La tercera jornada de la fase de grupos del Mundial arranca con Inglaterra atascada, Escocia al borde de una gesta histórica y Portugal subida de nuevo al tren de Cristiano Ronaldo. El torneo acelera. Algunos ya miran a octavos. Otros, sencillamente, intentan no caerse.

Inglaterra, entre el enfado y el “segundo partido de fiebre”

El 0-0 de Inglaterra ante Ghana dejó un sabor agrio. No hubo goles, no hubo clasificación matemática para los octavos y sí un murmullo creciente sobre si la selección de Thomas Tuchel se ha enfriado demasiado pronto.

En medio del ruido, Jude Bellingham puso el tono de vestuario. El mejor del partido habló de “segundo partido de fiebre”, recordando que es ya el cuarto empate consecutivo de Inglaterra en el segundo encuentro de un gran torneo desde la Eurocopa 2020. Para él, toca “aguantar el chaparrón” y aprender. Nada de dramatizar antes de tiempo.

El foco se mueve ahora al sábado, frente a Panamá. Es el momento del reseteo: recuperar sensaciones, cerrar el liderato del Grupo L y dejar atrás un duelo ante Ghana que abrió más debates de los que cerró.

Kane no se esconde: “No me voy a machacar por un fallo”

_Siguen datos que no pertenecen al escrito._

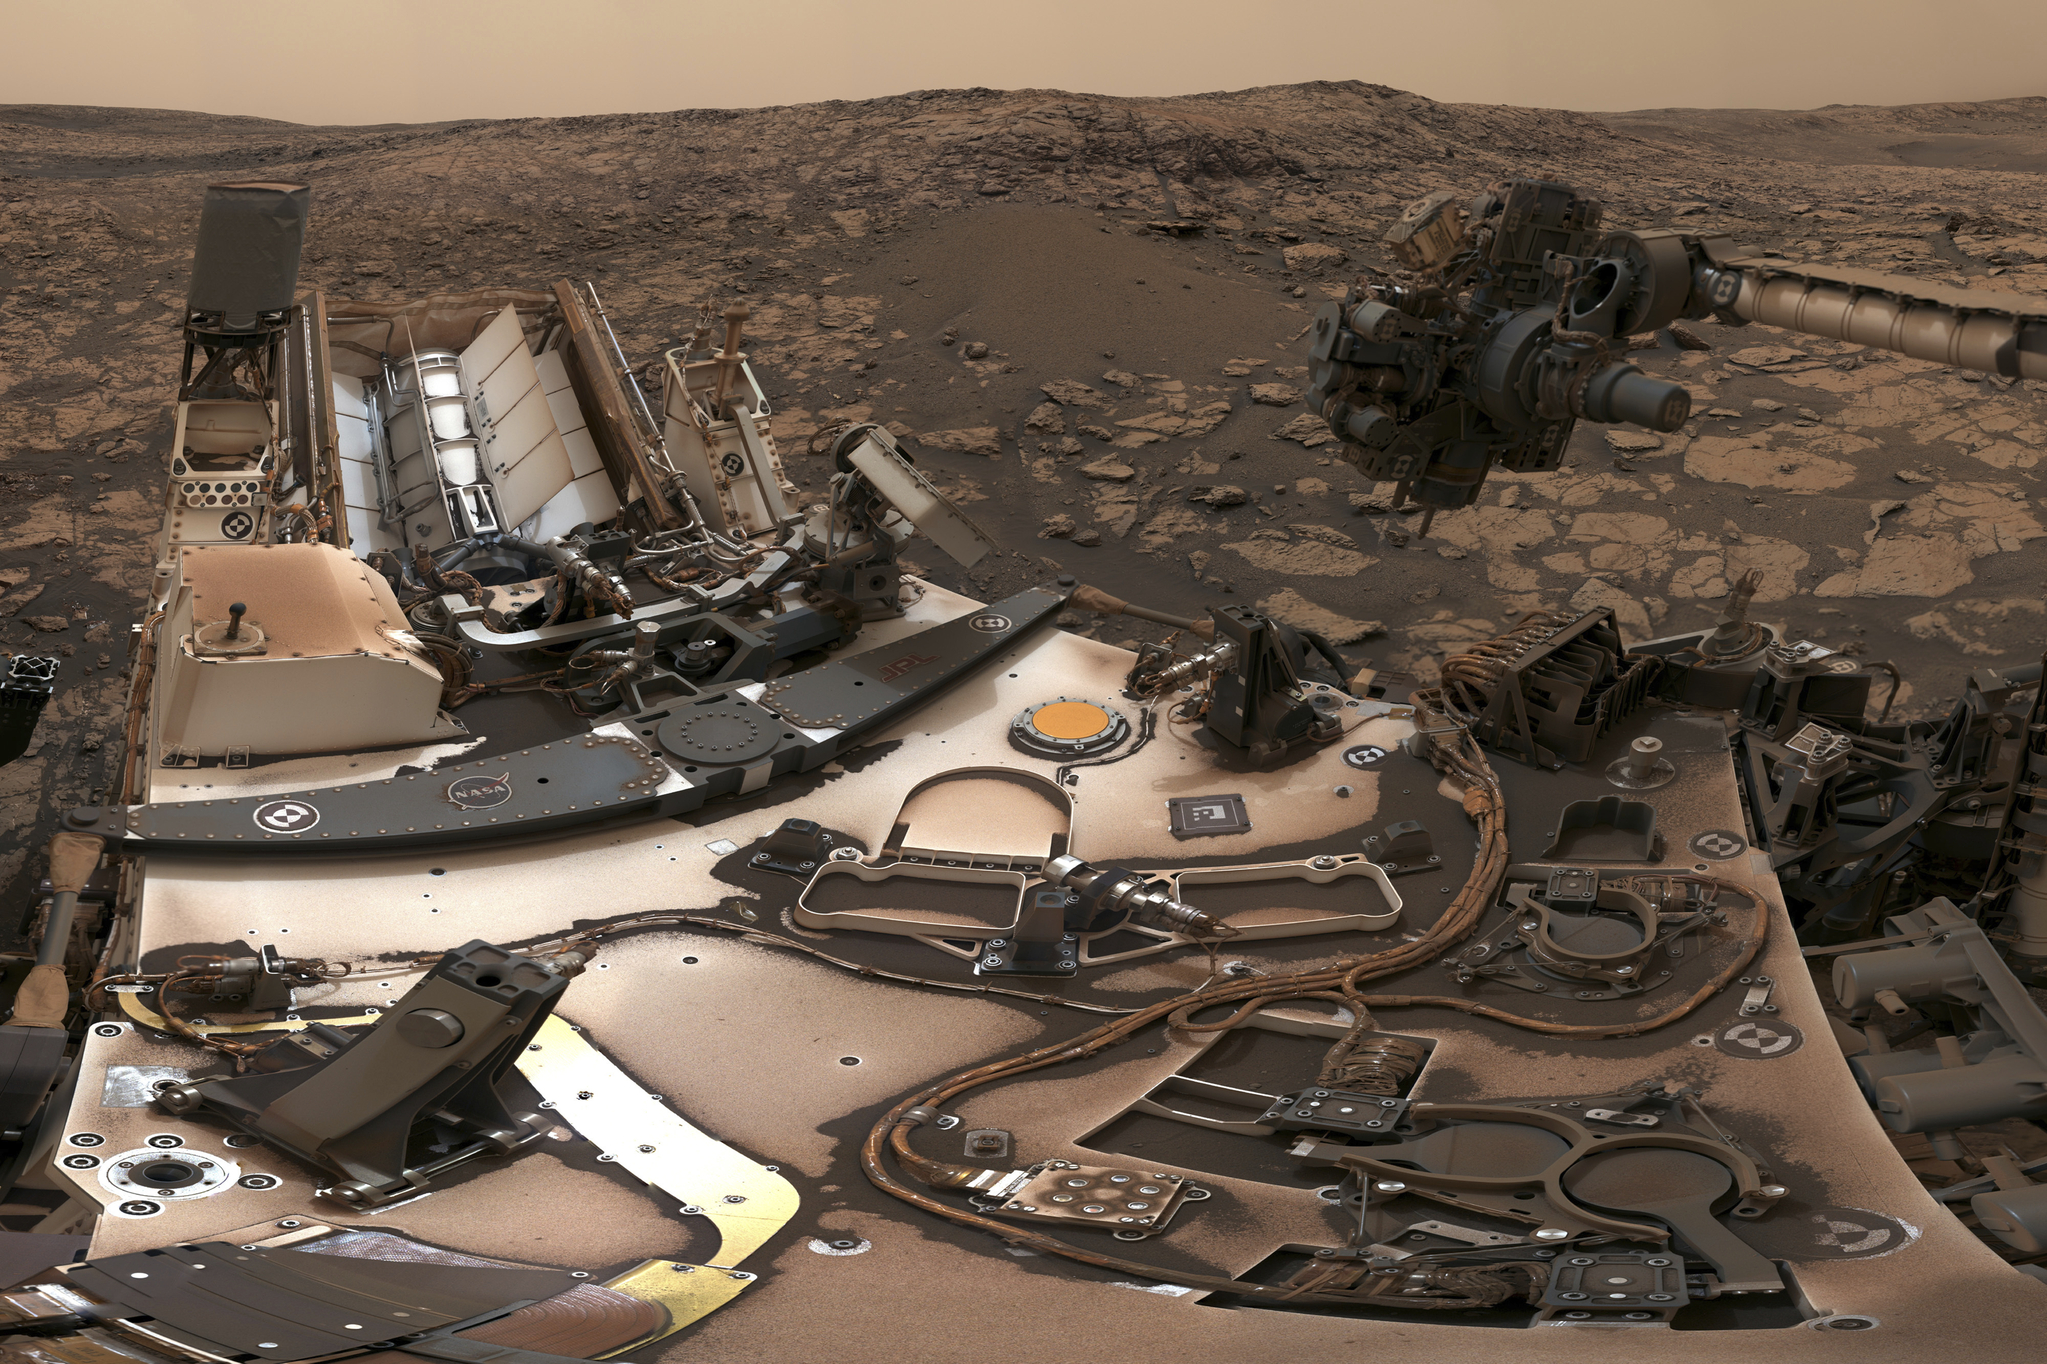 NASA는 지난 8월 9일 화성 탐사선 '큐리오시티'가 촬영해 지구로 전송한 사진을 7일 공개했다. 이번 여름 화성에 몰아쳤던 폭풍 영향으로 탐사선 위로 뿌연 먼지들이 쌓여 있다.[사진 NASA]

En el centro de casi todos esos debates aparece, inevitablemente, Harry Kane. El capitán falló la ocasión del partido en Boston, un disparo a bocajarro desde siete metros que normalmente acaba en la red. Esta vez, voló por encima del larguero.

Lejos de hundirse, el delantero del Bayern Munich se mostró frío tras el encuentro. Asumió el error, pero lo encuadró en la vida normal de un ‘9’: “Nueve de cada diez veces marco esa ocasión”, admitió, convencido de que la próxima entrará. No siente que Inglaterra dependa en exceso de él. Y no es el único que lo defiende.

Eberechi Eze, uno de los centrocampistas que mejor leyó el duelo ante Ghana, insistió en que el plan no cambia: el punto deja prácticamente encarrilado el pase a dieciseisavos, y la misión es rematar el trabajo ante Panamá. Para él, el grupo mantiene la misma mentalidad: no subirse demasiado a la ola tras una victoria, no hundirse tras un empate gris.

Polémica mundial: la protesta de Paraguay y el “caso Bellingham”

Mientras Inglaterra digiere el empate, una imagen del partido ha abierto un frente inesperado. Bellingham apareció en televisión tapándose la boca con la mano mientras hablaba con Jordan Ayew. Nada violento, nada tenso. Pero suficiente para encender la mecha.

Paraguay ha presentado una queja formal ante la FIFA. Su argumento es simple: Miguel Almirón fue el primer expulsado del Mundial por cubrirse la boca durante una discusión acalorada frente a Turkiye. Bellingham, en cambio, no vio ni amarilla. El reglamento específico de este Mundial permite mostrar roja directa en ese tipo de situaciones, y los paraguayos reclaman coherencia en la aplicación.

La FIFA, de momento, guarda silencio. El debate, no.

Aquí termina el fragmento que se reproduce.